Face à ces statistiques alarmantes, le Pentagone a lancé des programmes de prévention et accentué les efforts de dépistage des problèmes psychologiques, comme le syndrome post-traumatique, et des traumatismes cérébraux provoqués par les explosions ou les chocs violents.
"Je veux briser le tabou autour de ces blessures. Elles sont aussi réelles qu’une jambe cassée ou un bras arraché. Ce ne sont pas des faux problèmes inventés par des soldats faibles", déclarait courant octobre le numéro deux de l’armée de terre américaine, le général Peter Chiarelli.
Parmi les soldats impliqués dans des incidents en Irak ou en Afghanistan, la proportion d’hommes souffrant de syndrome post-traumatique ou de traumatisme cérébral est passée de 38% à 52% depuis août 2008. Et selon le général Chiarelli, environ un tiers des soldats envoyés au front souffriront d’une forme ou d’une autre de syndrome post-traumatique.

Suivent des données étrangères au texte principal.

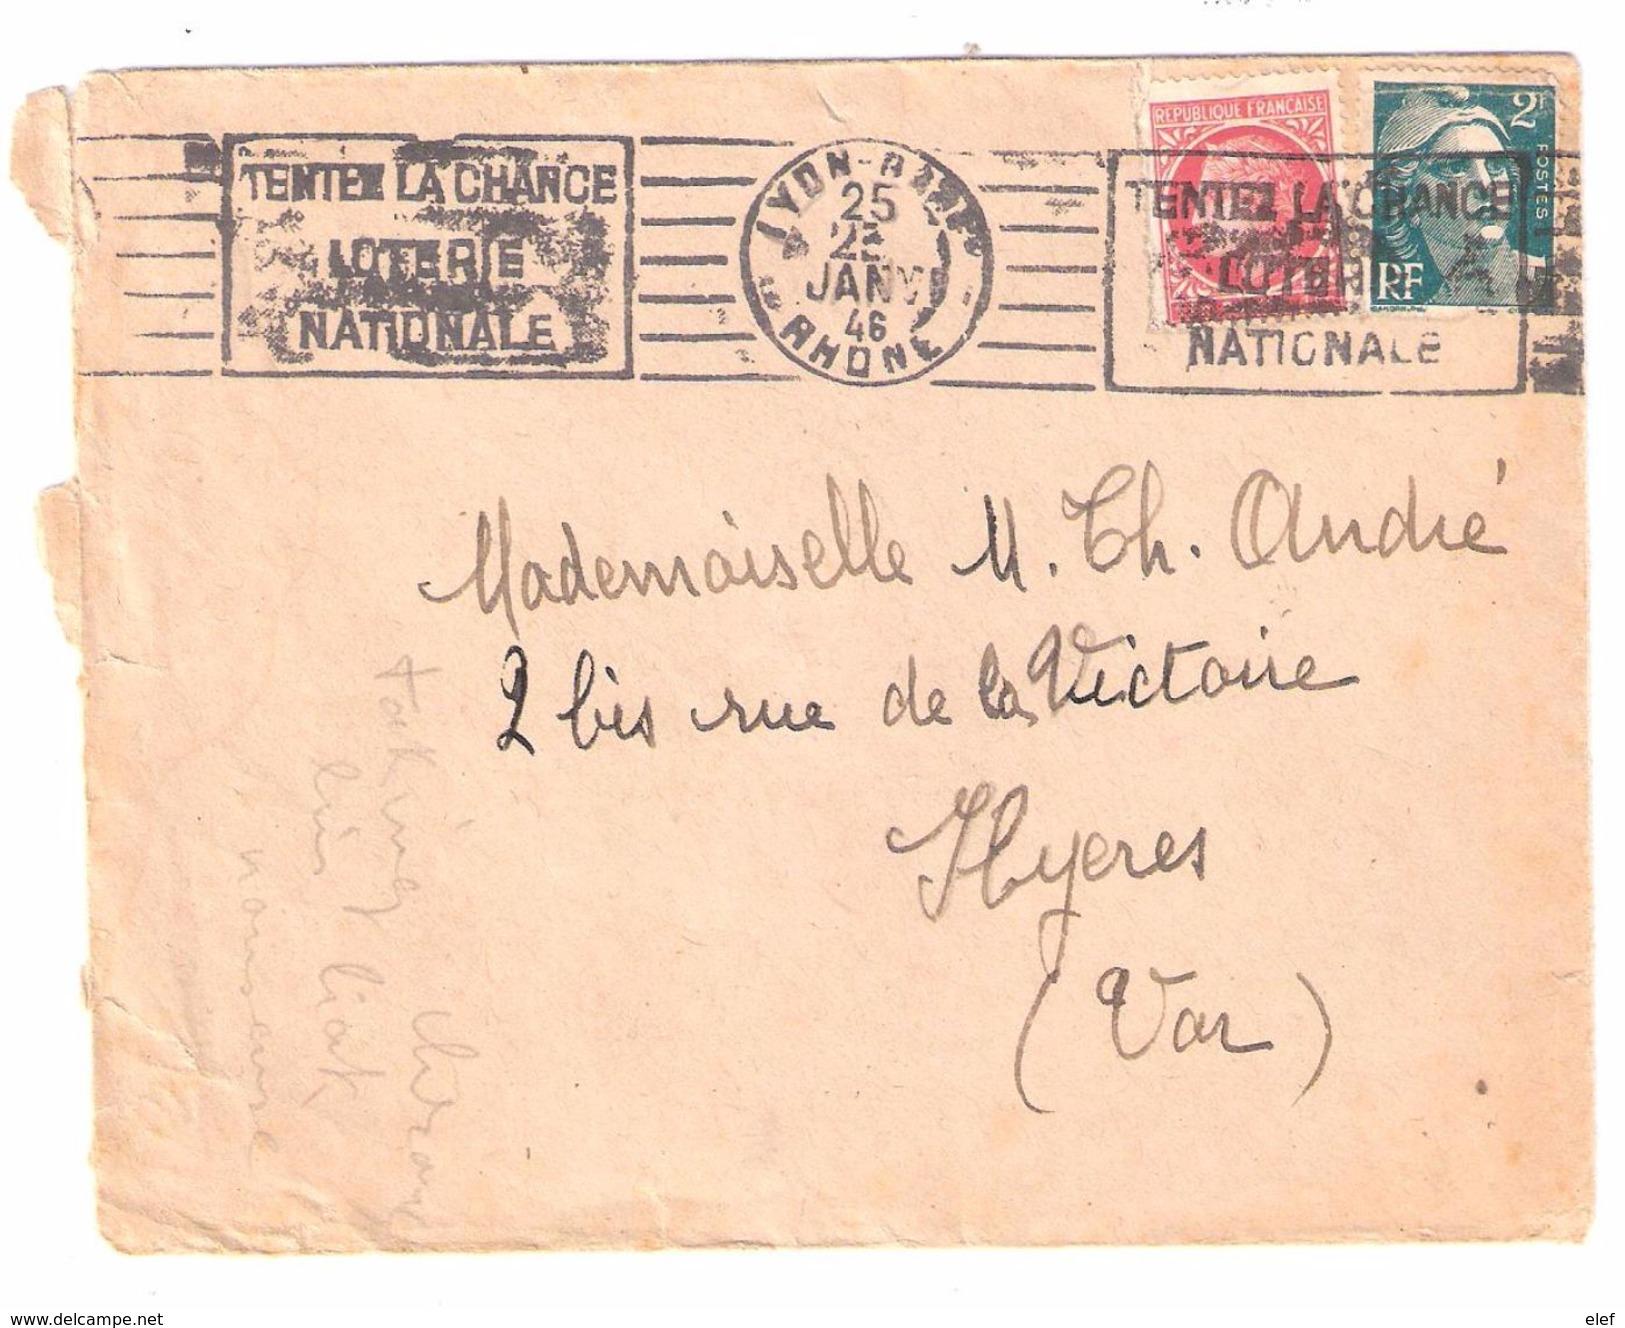 JEU :Lettre De LYON GARE Flamme TENTEZ LA CHANCE LOTERIE NATIONALE ; Gandon + Mazelin 1946, TB - Giochi
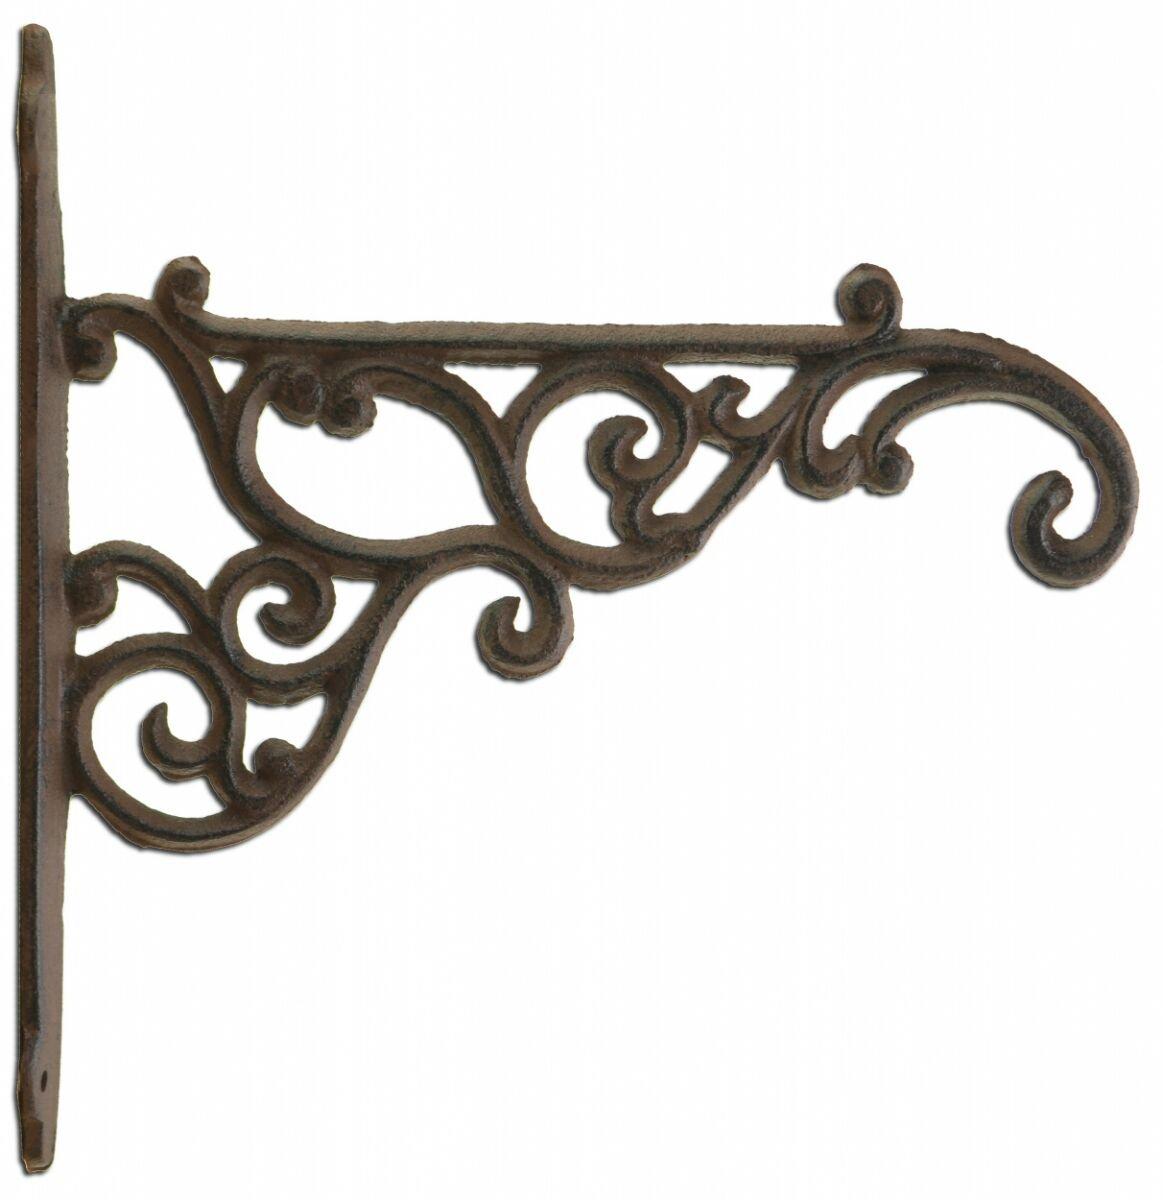 "Decorative Plant Hanger Ornate Victorian Cast Iron Flower Basket Hook 8.375"" Deep"

Le problème commence à être pris sérieusement en compte. A l’hôpital militaire Walter Reed, à Washington, l’aide psychologique fait désormais partie intégrante des soins prodigués aux blessés revenant des zones de combat. Le personnel médical offre aussi un soutien aux familles d’anciens combattants, fragilisées par les longues absences des militaires et les traumatismes qu’ils rapportent.
"Il est clair que plus vous traitez ces blessures rapidement, plus vous avez des chances de succès. Il y a véritablement urgence" à s’attaquer au problème, a commenté mercredi le chef d’état-major américain, Michael Mullen, lors d’une conférence à Washington. Le plus haut gradé américain reconnaît toutefois que les soldats, baignés dans une culture valorisant les "durs à cuire", sont réticents à demander un soutien.
"Nous devons continuer à briser ce tabou. Parce que c’est difficile d’appeler à l’aide. Et cela se retourne trop souvent contre vous", a fait valoir l’amiral Mullen.